Exercise directions:
Repeat what the lines below say, word for word, and skip every image.

Information supplied:
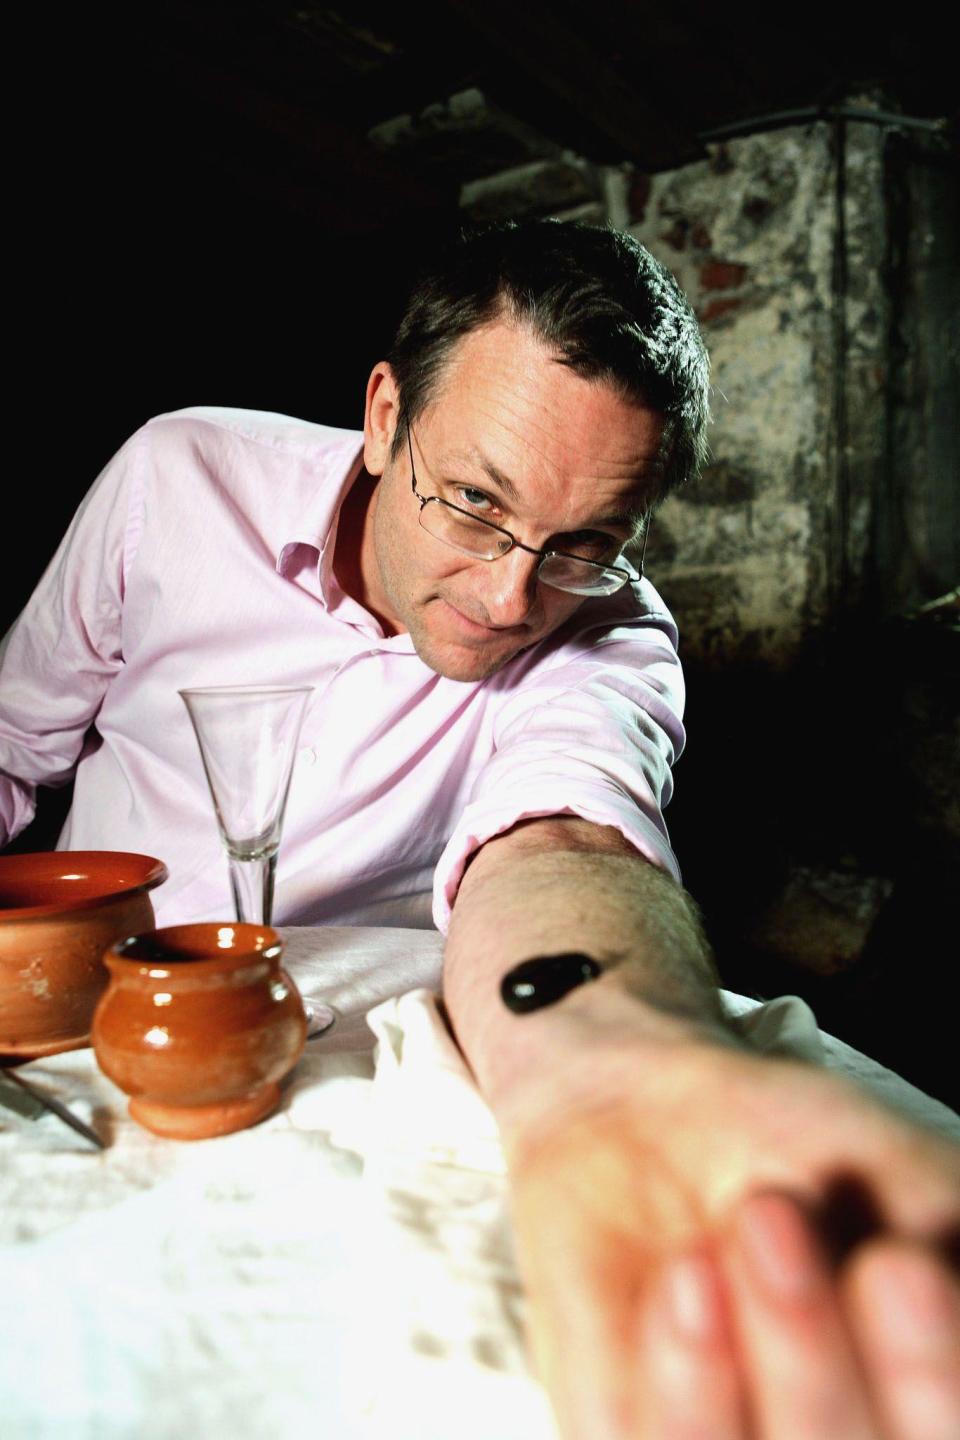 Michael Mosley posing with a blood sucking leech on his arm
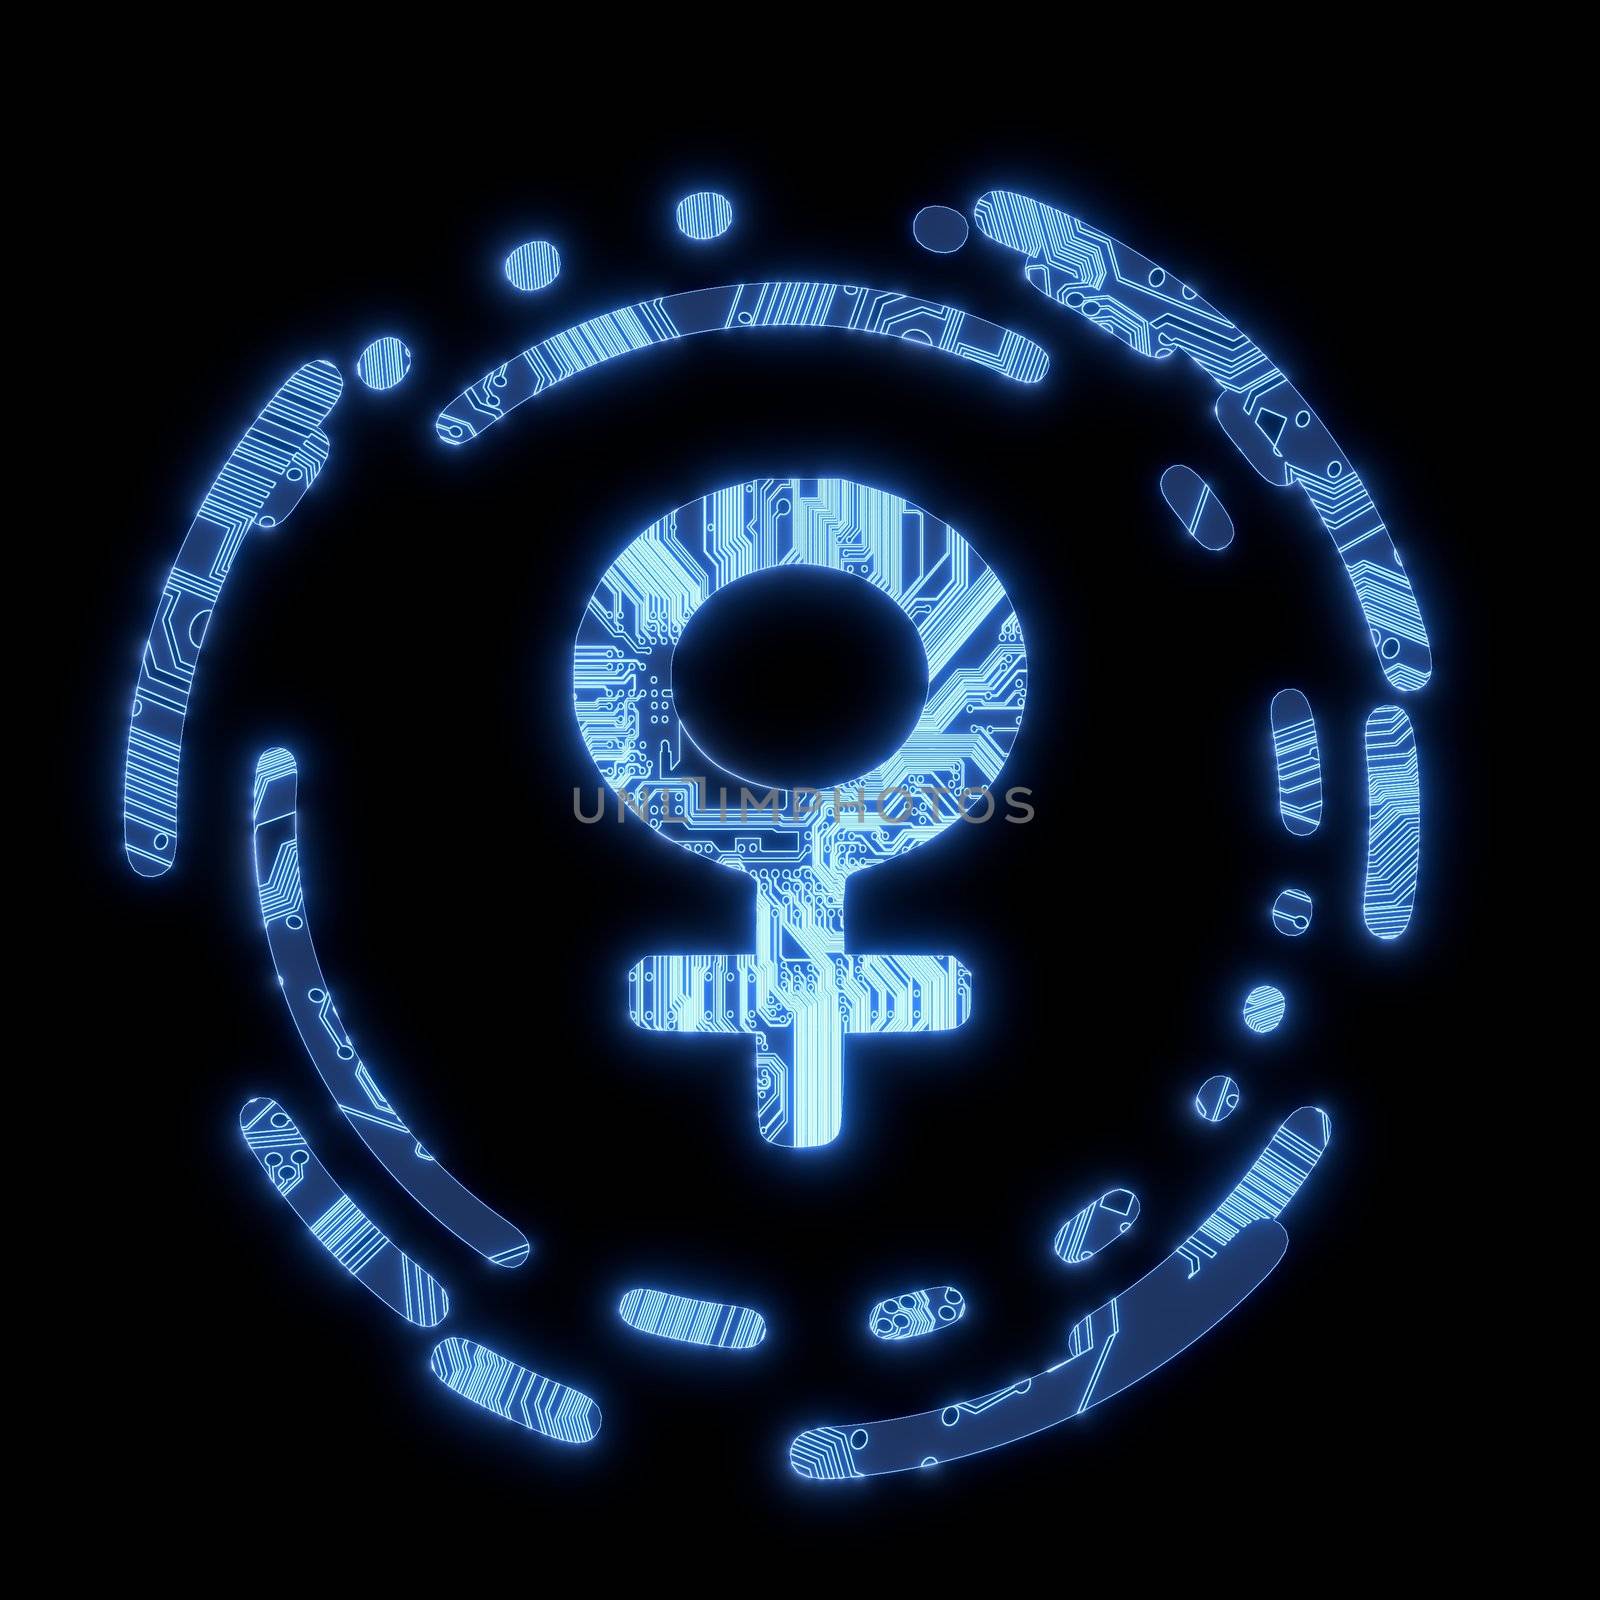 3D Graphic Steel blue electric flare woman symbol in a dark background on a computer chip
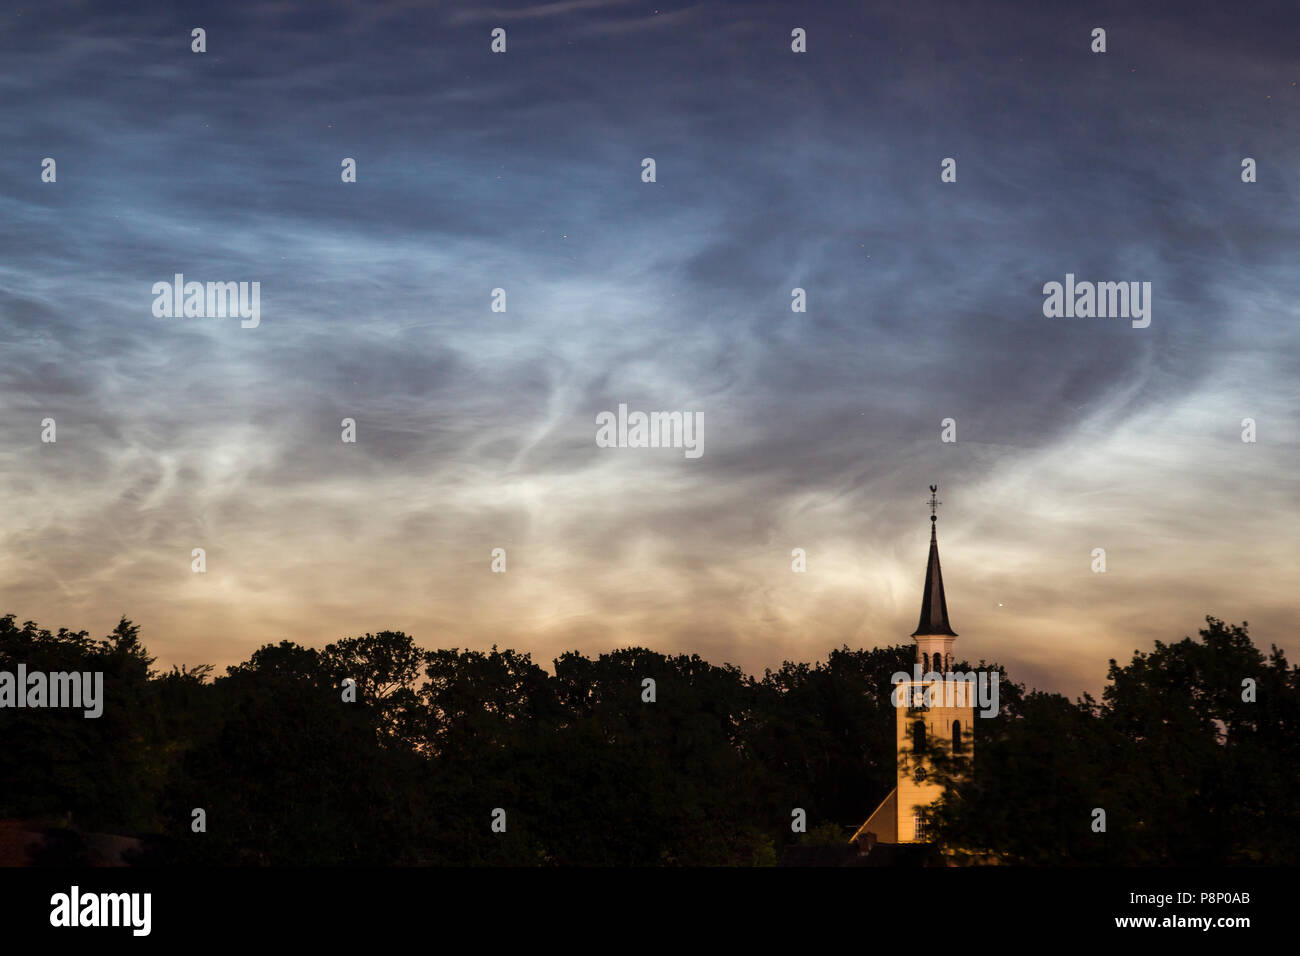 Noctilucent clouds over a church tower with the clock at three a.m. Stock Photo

Expected answer:
 Michael Mosley posing with a blood sucking leech on his arm
 3D Graphic Steel blue electric flare woman symbol in a dark background on a computer chip
 Noctilucent clouds over a church tower with the clock at three a.m. Stock Photo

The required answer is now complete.